Sur le plan littéraire, Drieu est tout aussi lucide, si ce n’est plus. Emmanuel Berl, Julien Benda, Porto-Riche, Bernstein, tous ces ex-écrivains célèbres qui faisaient chier Drieu, ils n’intéressent plus personne en dehors de quelques maniaques bibliomanes désormais.
Et pourtant, Dieu sait qu’on réédite tout et n’importe quoi aujourd’hui ! Rien ne serait plus facile que de payer un critique du “Monde”, de “Match”, du “Figaro” ou de “France 2” pour dire tout le bien qu’il pense de Porto-Riche et pousser le quidam à l'acheter…

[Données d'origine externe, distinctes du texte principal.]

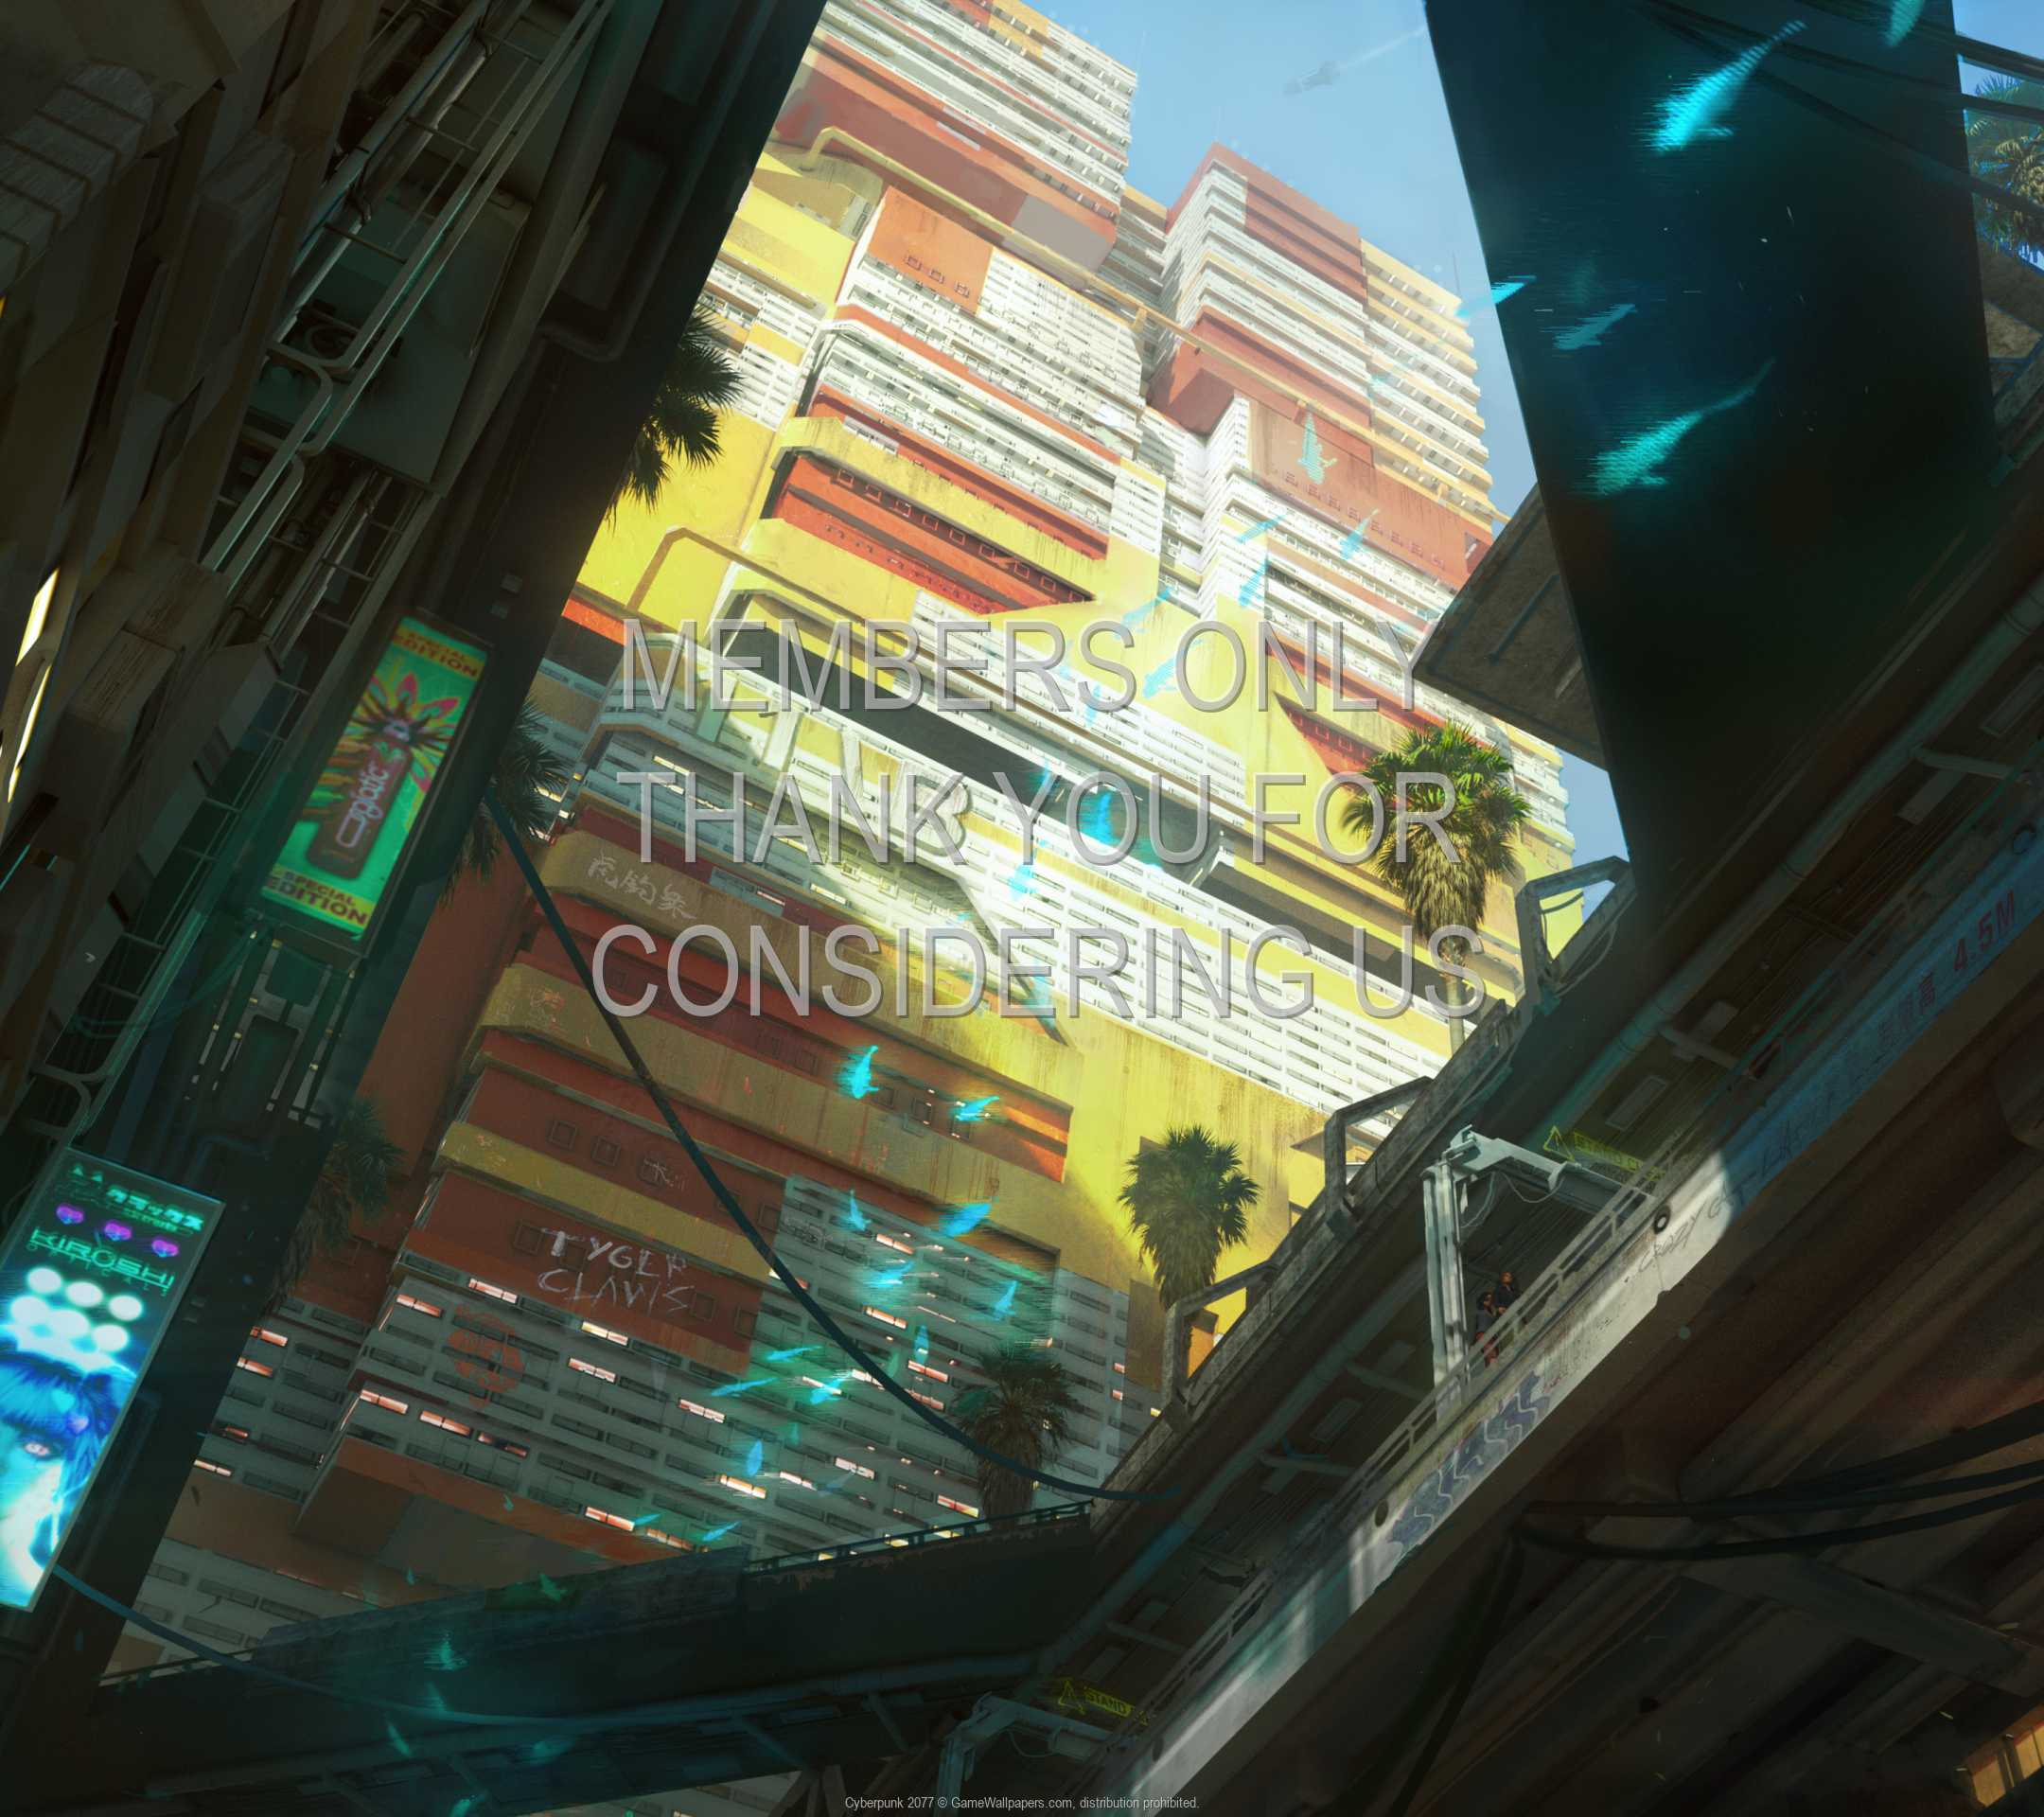 Cyberpunk 2077 1080p Horizontal Mobile wallpaper or background 34
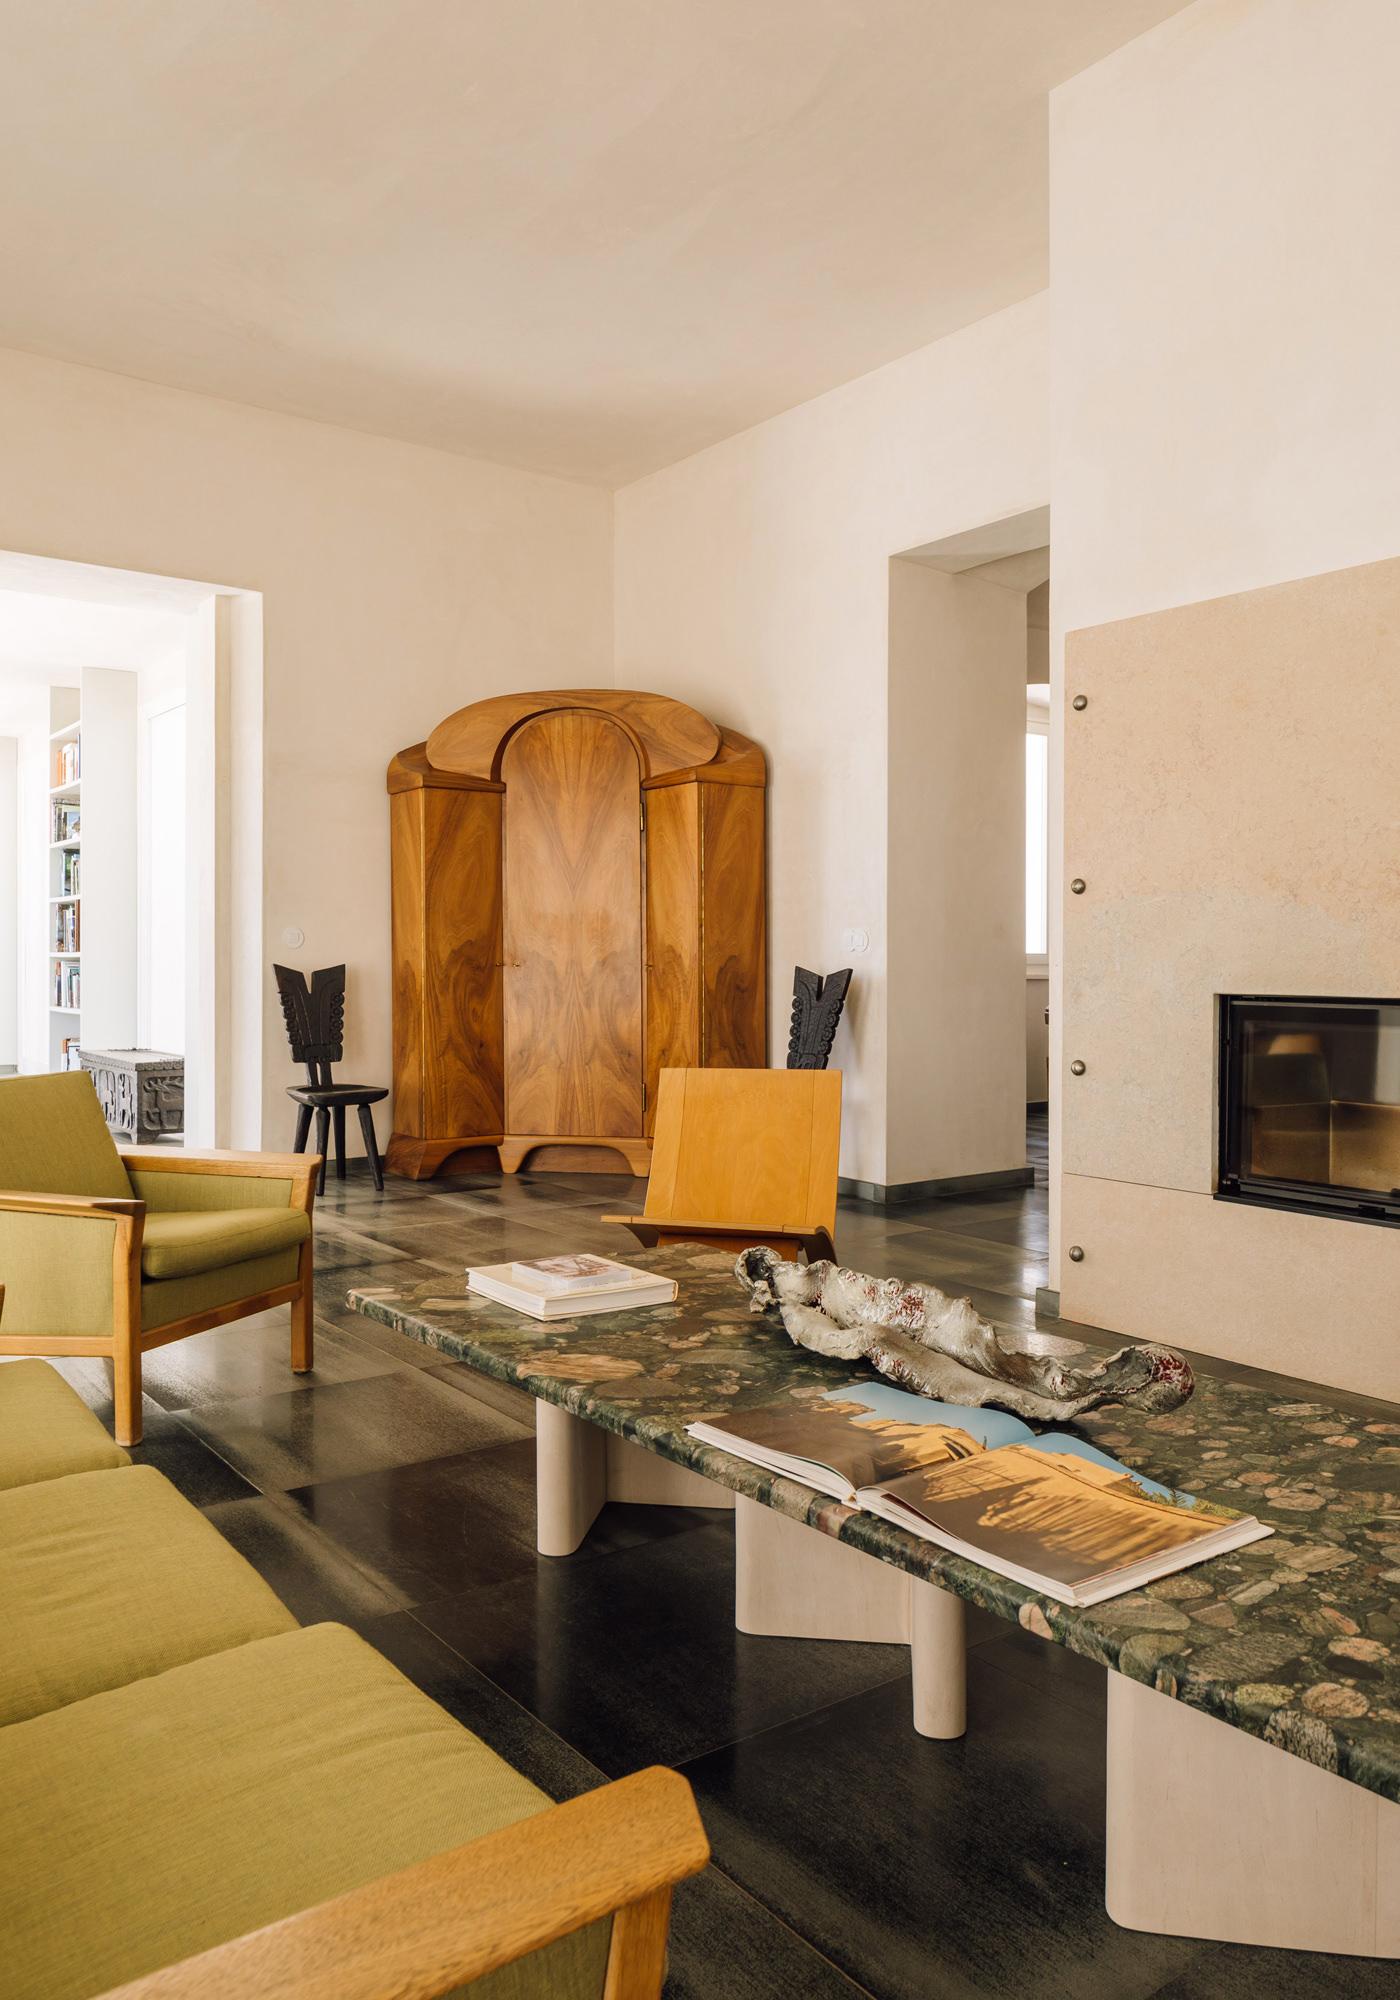 Da Licenca Hotel Alentejo Estremoz Portugal Mobiliers

Lira-t-on encore Modiano ou Weyergans dans trente ans, dans vingt ans ? Houellebecq restera sans doute, mais plutôt en raison de son anticonformisme que de sa prose (Aussi, quelle erreur de se fondre dans le moule en faisant du cinéma produit par Lagardère.)
Préjugé favorable, tout de même, de Drieu en faveur de Nitche. Nul n’est parfait. Un préjugé partagé d’ailleurs par t’Sterstevens. Préjugé d’une époque. Et puis Drieu n’est pas un catholique conventionnel. Le superhomme, Zaratoustra, toute cette bimbeloterie… le goût pour les arts premiers n’est pas très catholique. Pour un catholique, les schémas marxistes de Simone Weil sont beaucoup plus raisonnables que la trahison par un Allemand francophile des grands moralistes français. Pourtant, Drieu le sait, le dit et le répète : les Allemands font de bons soldats, mais en politique ils sont nuls.
Quant à Marx, beaucoup plus anglais qu’allemand, Drieu l’ignore presque complètement ; il est occulté par le communisme.
Apparemment sur un point Drieu s’est trompé. À la fin, estime-t-il, les Russes l’emporteront sur les Anglo-Saxons, pourris jusqu’à la moelle par le capitalisme.
Dès le milieu du XVIIIe siècle, Grimm, le La Boétie de Diderot, aussi antipathique et visionnaire que Diderot est sympathique et aveugle, Grimm prévoyait que l’empire russe jouerait un rôle de premier plan à l’avenir, ce qui était loin d’être évident.
Mais la dislocation récente de l’empire soviétique semble donner tort à Drieu. À moins qu’il faille attendre encore un peu ? Une chose est sûre, outre la haine du catholicisme et le mépris des Yankis, bref de tout ce qui n'est pas russe - un signe de santé psychologique -, les Russes ont ce que les "musulmans" n’ont pas et qui les condamne à demeurer sous la domination occidentale : l’unité, l’argent, les armes, et toutes les ressources énergétiques nécessaires.
À tout prendre, Drieu aimerait mieux tomber sous le joug des Russes plutôt que sous celui des Yankis. Moi aussi : entre les gonzesses yankies et les gonzesses russes, il n’y a pas photo.
Commentaires
Toute votre note est bien trop savante et littéraire pour moi. Mais concernant votre dernière phrase, celui qui prétend le contraire, qu'il soit anathème.
"Quien no ha visto las moscvoitas, no ha visto maravilla". Il m'est d'ailleurs fort pénible de penser que d'aussi jolies créatures soient passés presque directement du joug du servage au joug communiste. Elles en ont perdu (à jamais ?) le sourire.
Pour rebondir sur ces dames et une de vos notes précédentes, je crains que la visite de leurs charmantes églises vous décoive beaucoup. Mesdames ont beau avoir toutes la tête couverte, leur tenue ne facilitera pas votre receuillement, loin de là.
La beauté a-t-elle besoin de sourire ?
Elle n'en a peut-être pas "besoin", mais elle en a bien le devoir, oui, c'est évident : par pure humilité, pour se rabaisser, afin de faire croire à la personne en face qu'elle est tout aussi belle.
La beauté sans l'humilité, c'est effrayant, presque satanique en fin de compte.
Vous êtes sévère avec ce pauvre Berl. Il vaut mieux que Porto-Riche, tout de même ... Si seulement aujourd'hui nos intellectuels étaient tous comme Berl : sachant écrire et le faisant sans parti pris !
J'ai déjà du mal à finir la bio de waugh........alors......
La bio. en français ? Je vous avais prévenue, je ne suis pas très objectif s'agissant des biographies, c'est mon genre préféré ; j'échangerais sans hésiter tout Proust contre une bonne bio.